No local, líderes religiosos conduziram orações e discursos. A reverenda Sarah Henkel, pastora presbiteriana da região, afirmou que o espaço não possui infraestrutura adequada para funcionar como centro de detenção.

“Não há garantia de que as pessoas seriam mantidas em condições humanas. O local também apresenta problemas ambientais, como falta de água e infraestrutura sanitária adequada”, disse.

Relatos de famílias afetadas

Durante o evento, participantes também compartilharam experiências pessoais relacionadas à imigração. Maria Martinez, consultora legislativa da organização Rural & Migrant Ministry, relembrou que seus pais foram detidos pelo ICE em 2013 e permaneceram em centros de detenção por até duas semanas.

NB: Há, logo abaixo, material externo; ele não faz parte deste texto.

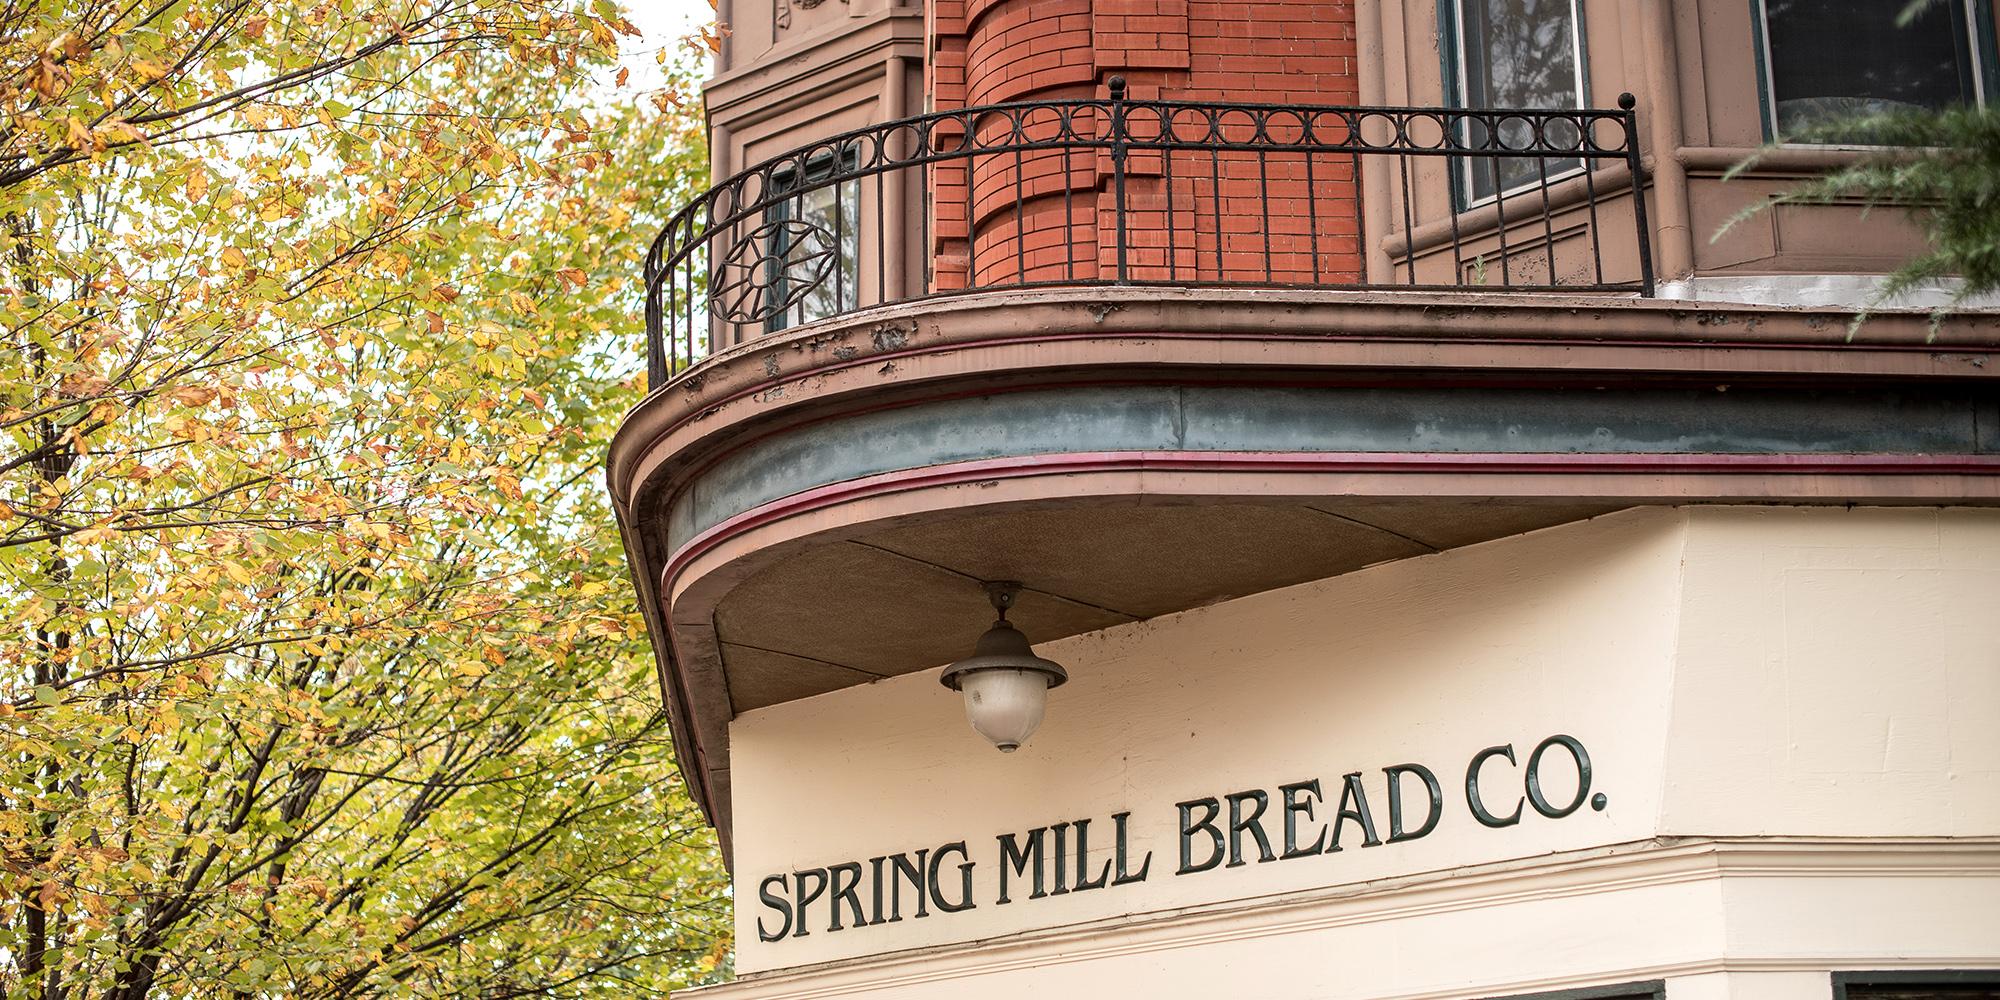 ARTISANAL BAKED GOODS AT SPRING MILL BREAD COMPANY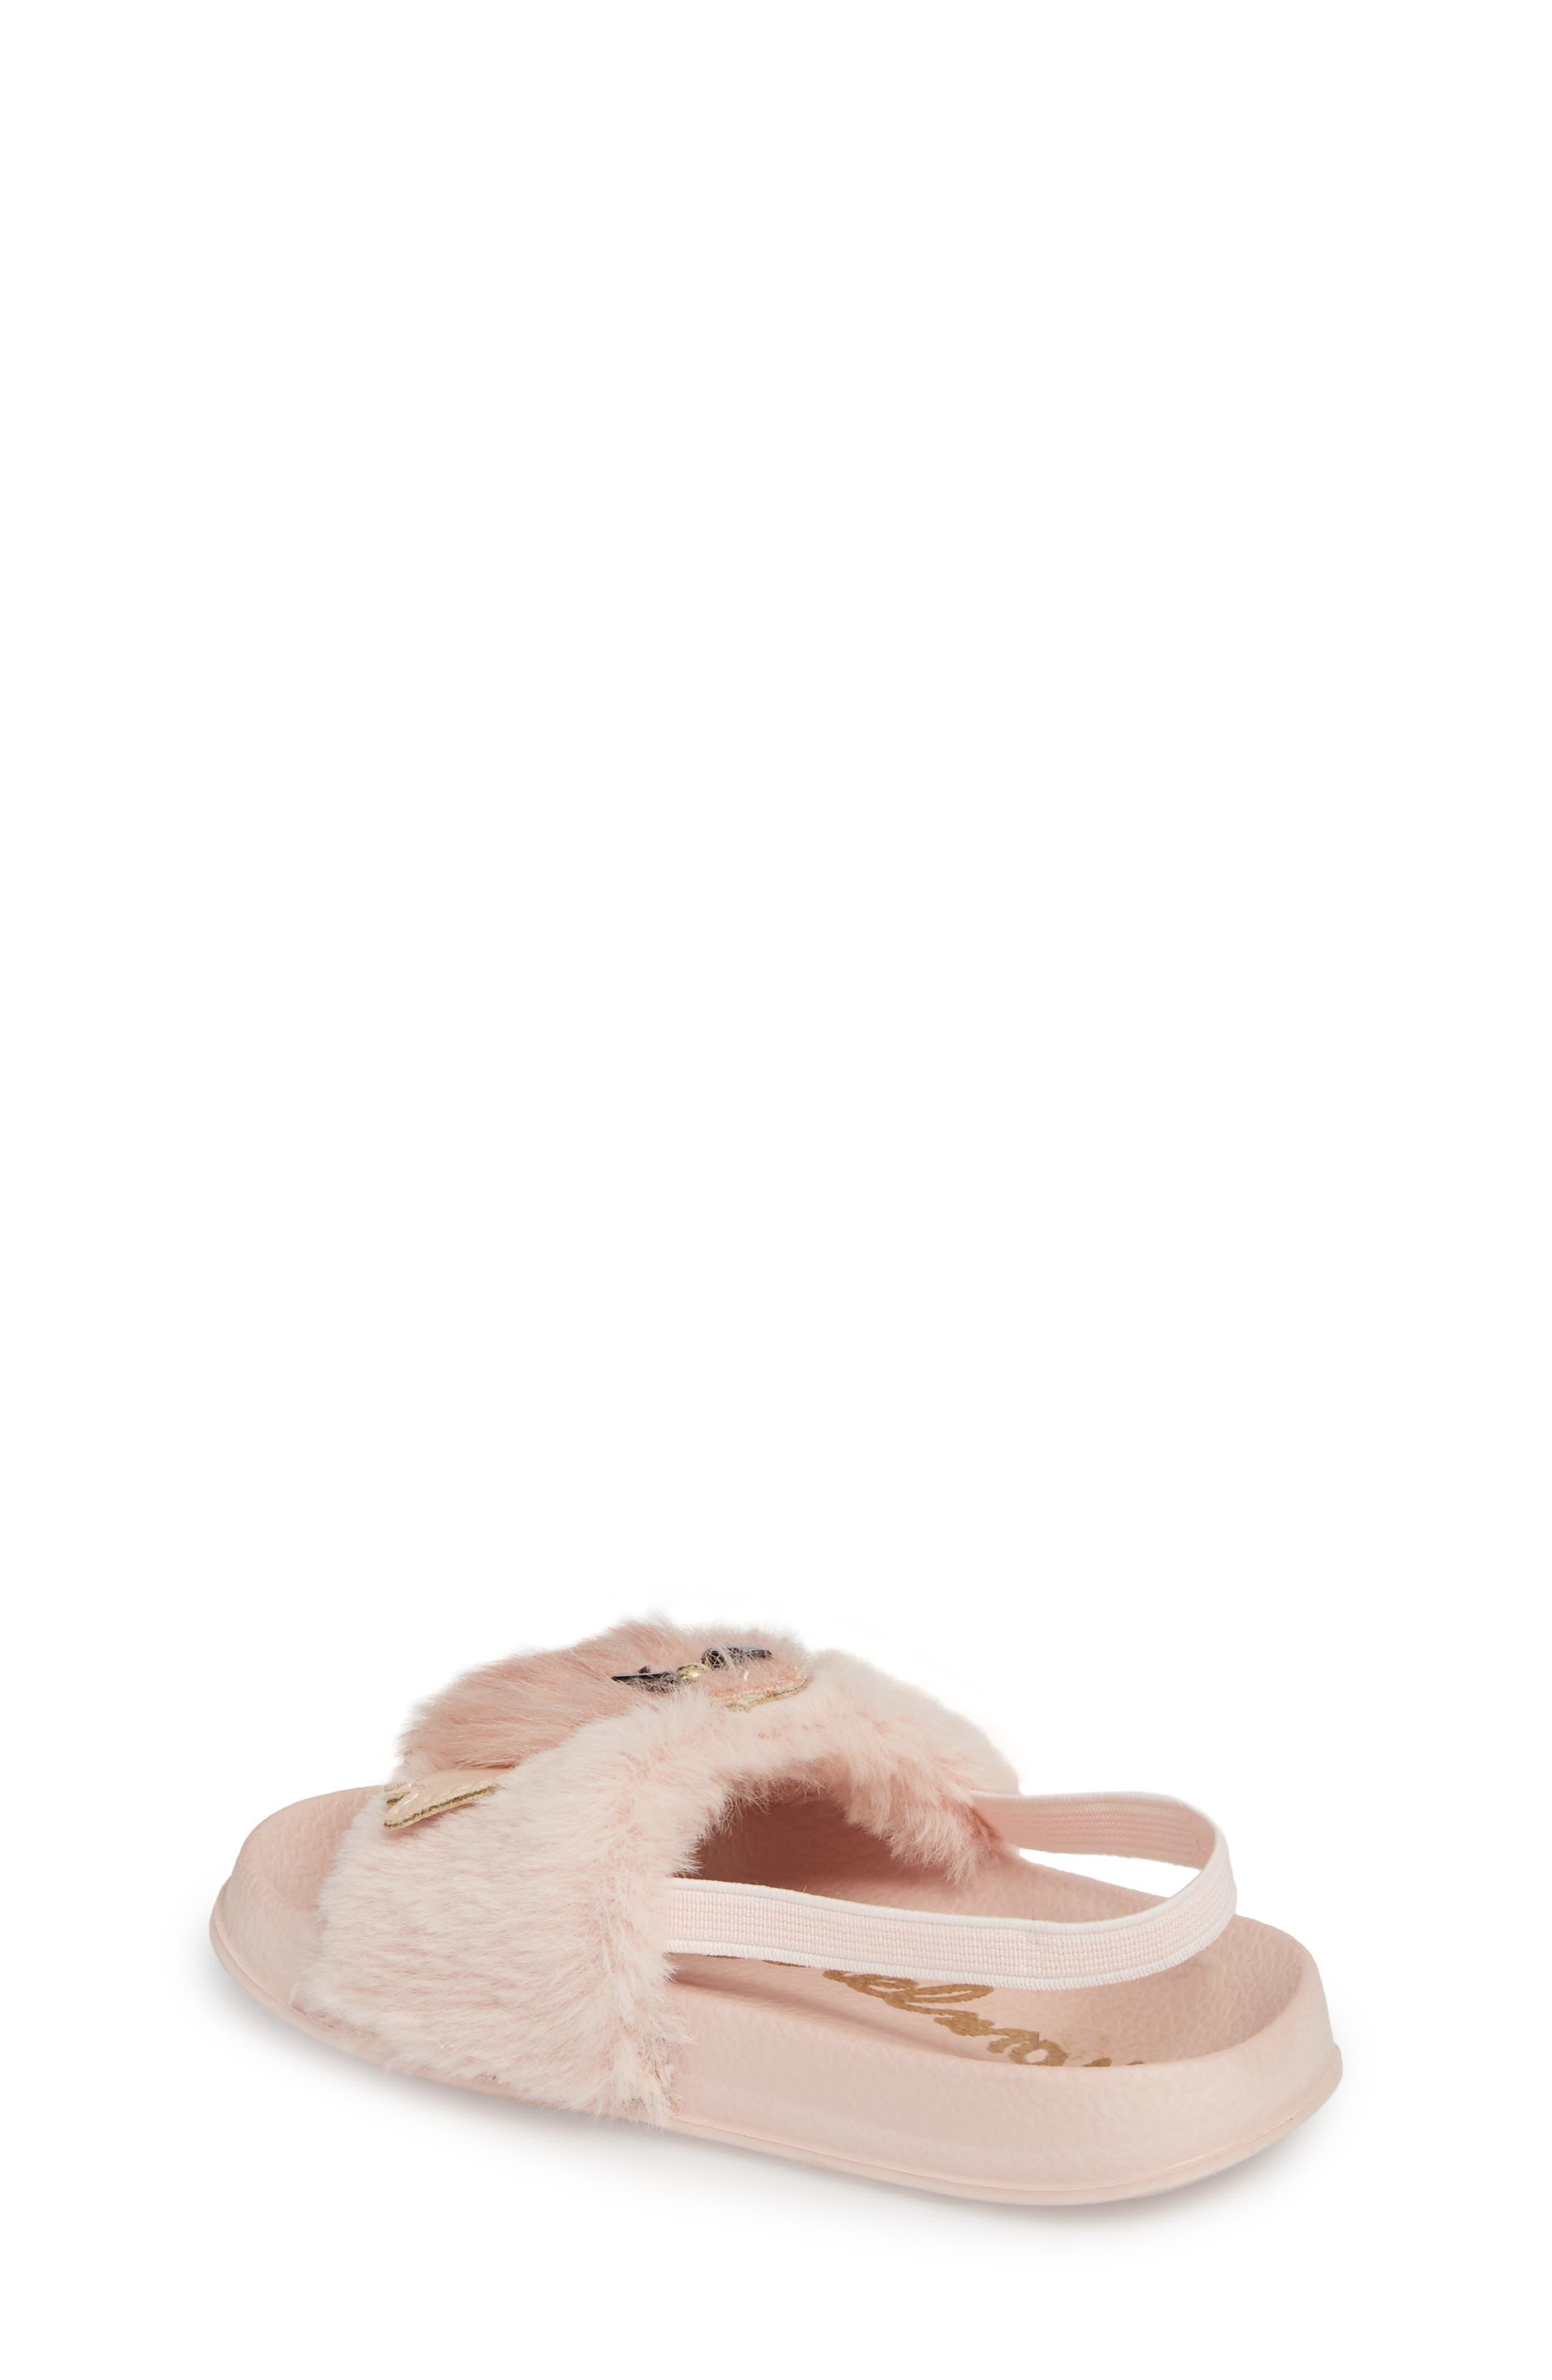 Mackie Faux Fur Sandal,                             Alternate thumbnail 2, color,                             654

Ela contou que sua mãe relatou condições difíceis durante a custódia, incluindo situações em que mulheres aguardavam exames médicos sendo identificadas apenas por números.

O reverendo Richard Witt, diretor executivo da organização, afirmou que a possibilidade de um centro de detenção na região tem aumentado o medo entre comunidades imigrantes locais.

“Muitas pessoas vivem com grande medo pela segurança de suas famílias. Há pessoas com receio até de sair de casa”, afirmou.

Mobilização continuará

Durante a vigília, os participantes acenderam velas e leram os nomes de pessoas que morreram sob custódia do ICE ou durante operações da agência neste ano. O ato terminou com uma oração coletiva.

Mesmo com a incerteza sobre o futuro do projeto, os organizadores afirmaram que pretendem continuar mobilizados.

“Vamos continuar realizando essas vigílias semanalmente. Enquanto esse armazém permanecer como uma possível opção para um centro de detenção, estaremos atentos”, disse Gittel Evangelist, diretora de comunicação da Rural & Migrant Ministry.